| Task objective |
With the pictures left out, print exactly the lines below that run from the one containing "Antique wood cheese" through the one containing "[ Psi Performer".

| Given entries |
[Start of Attachment]

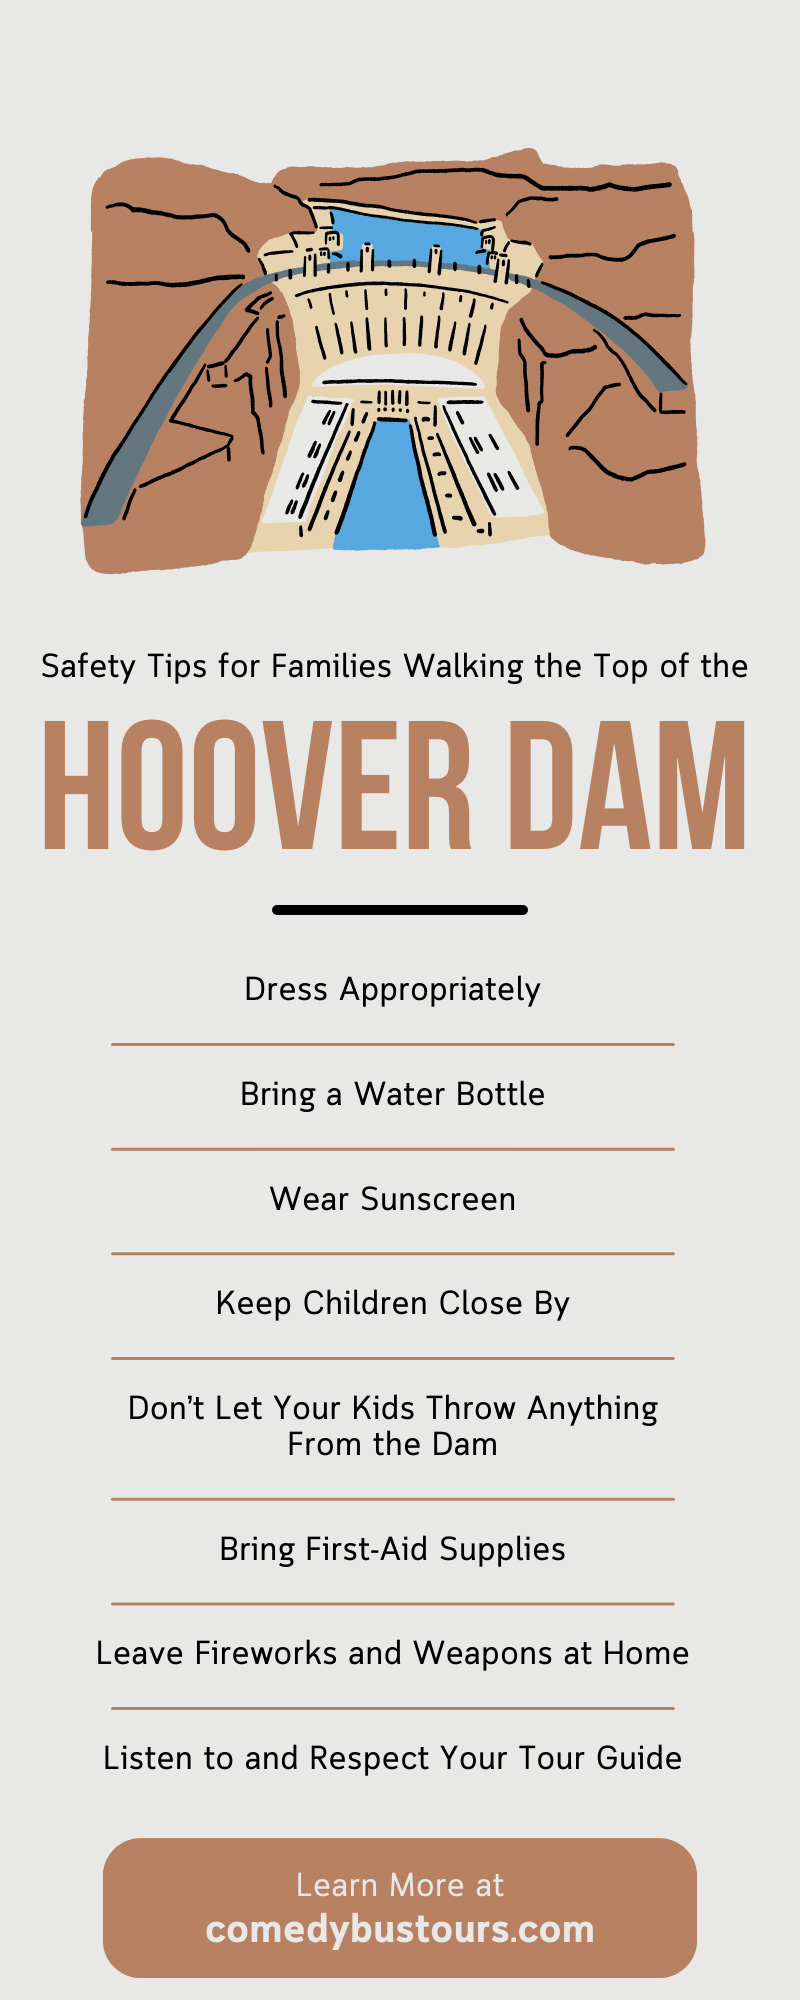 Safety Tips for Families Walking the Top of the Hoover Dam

[End of Attachment]
[Start of Attachment]

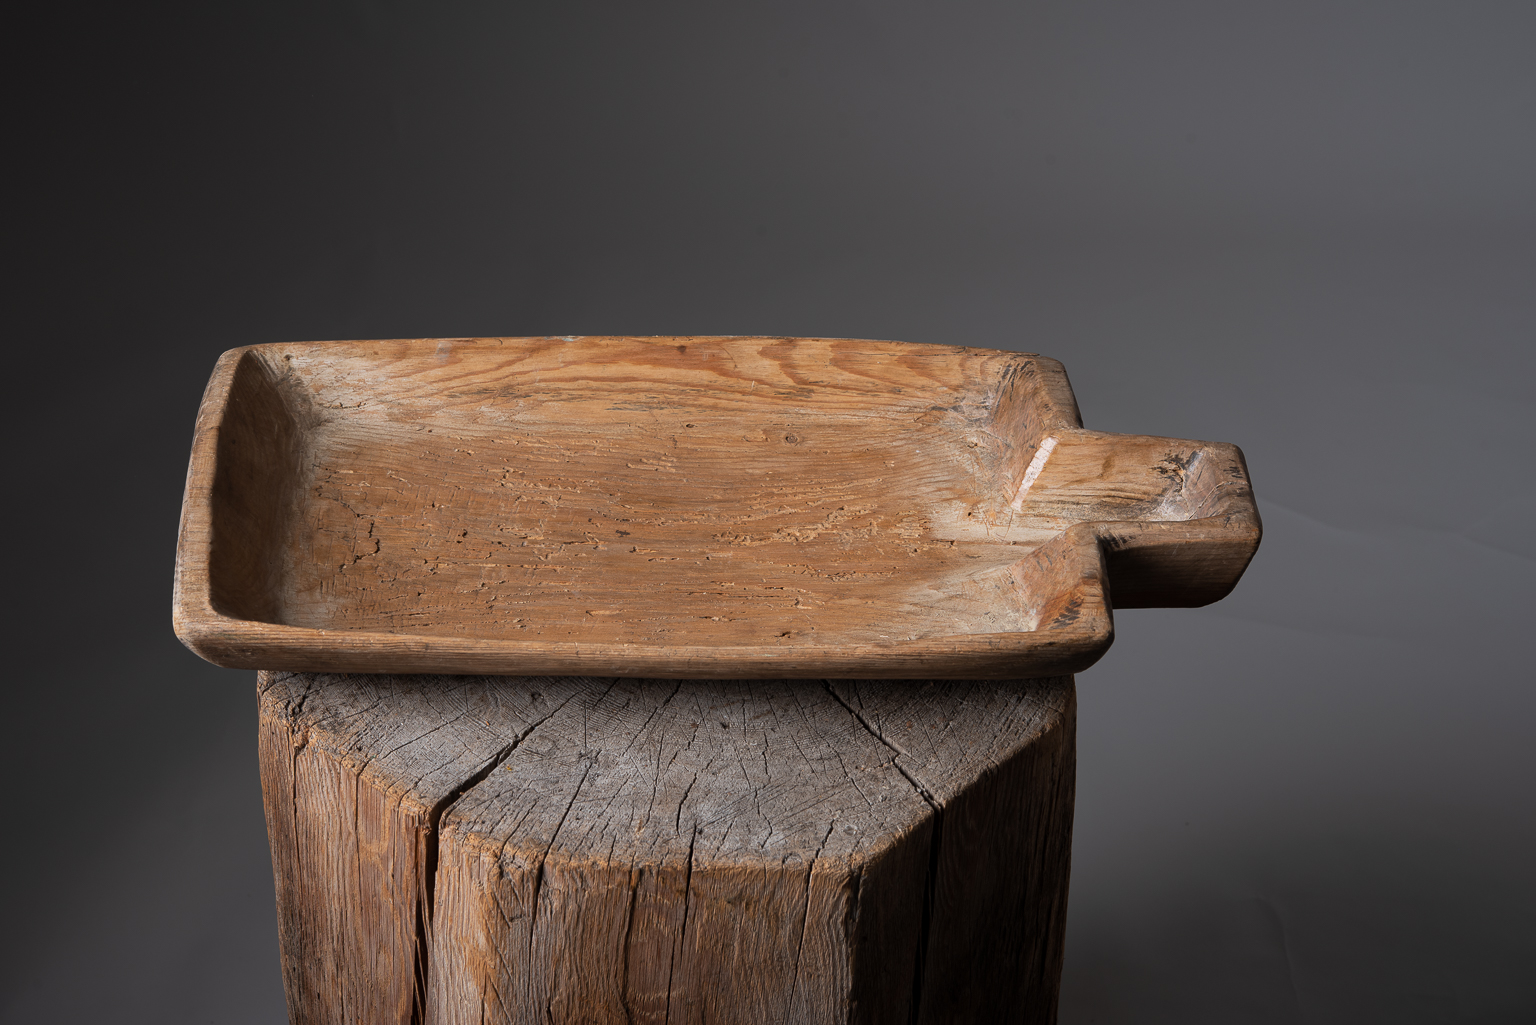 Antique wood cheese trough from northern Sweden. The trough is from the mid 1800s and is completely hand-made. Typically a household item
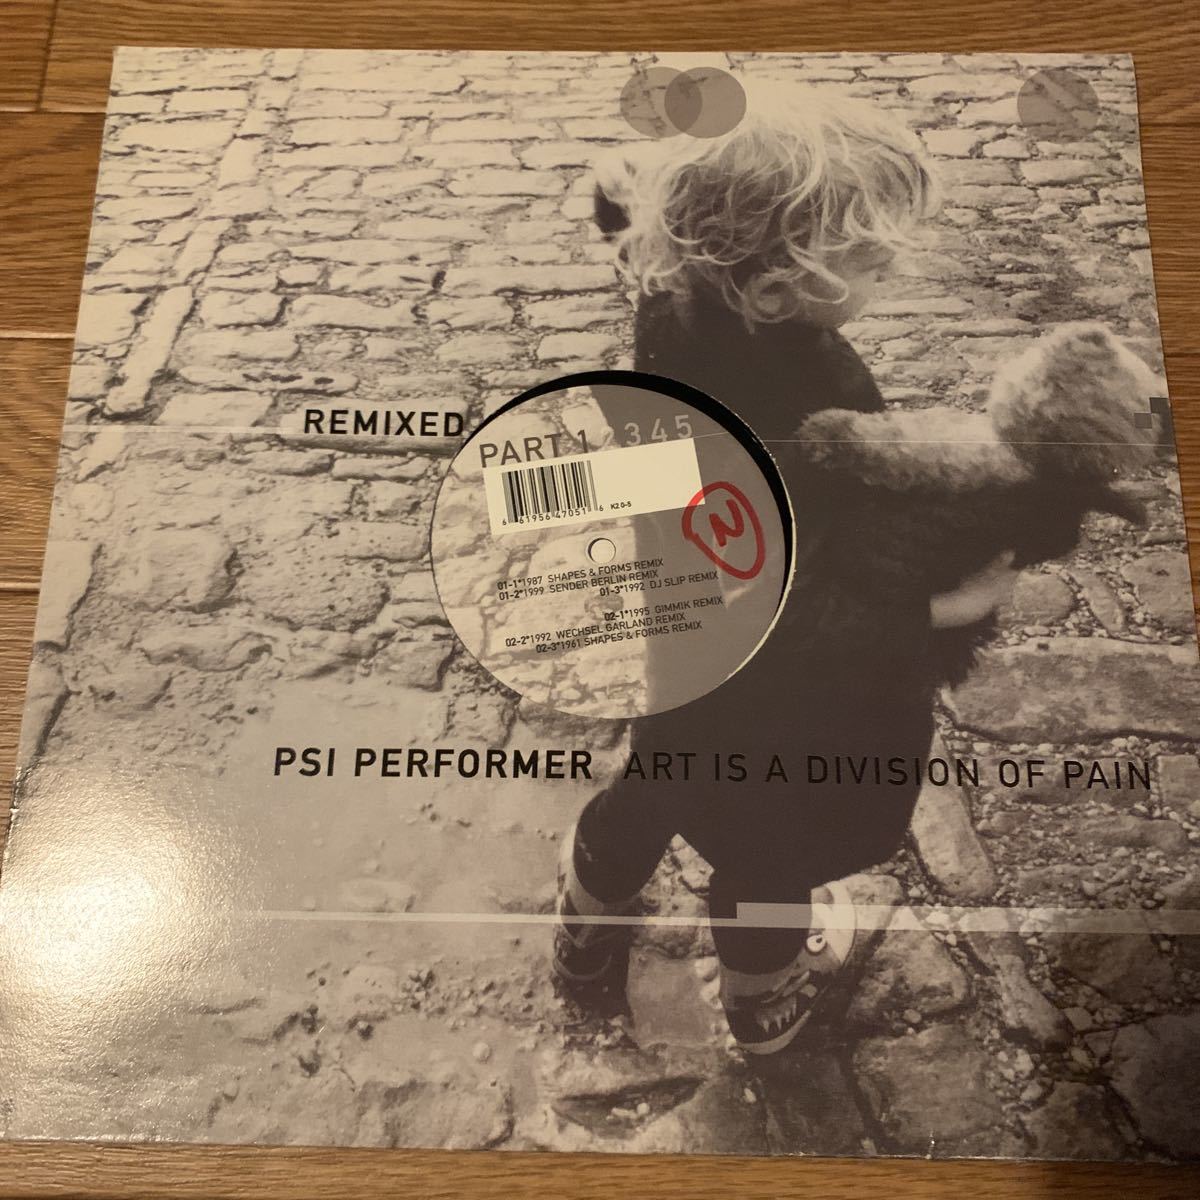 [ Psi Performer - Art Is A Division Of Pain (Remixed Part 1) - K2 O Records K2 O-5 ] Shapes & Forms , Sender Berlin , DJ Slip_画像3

[End of Attachment]

| Expected answer |
 Antique wood cheese trough from northern Sweden. The trough is from the mid 1800s and is completely hand-made. Typically a household item
 [ Psi Performer - Art Is A Division Of Pain (Remixed Part 1) - K2 O Records K2 O-5 ] Shapes & Forms , Sender Berlin , DJ Slip_画像3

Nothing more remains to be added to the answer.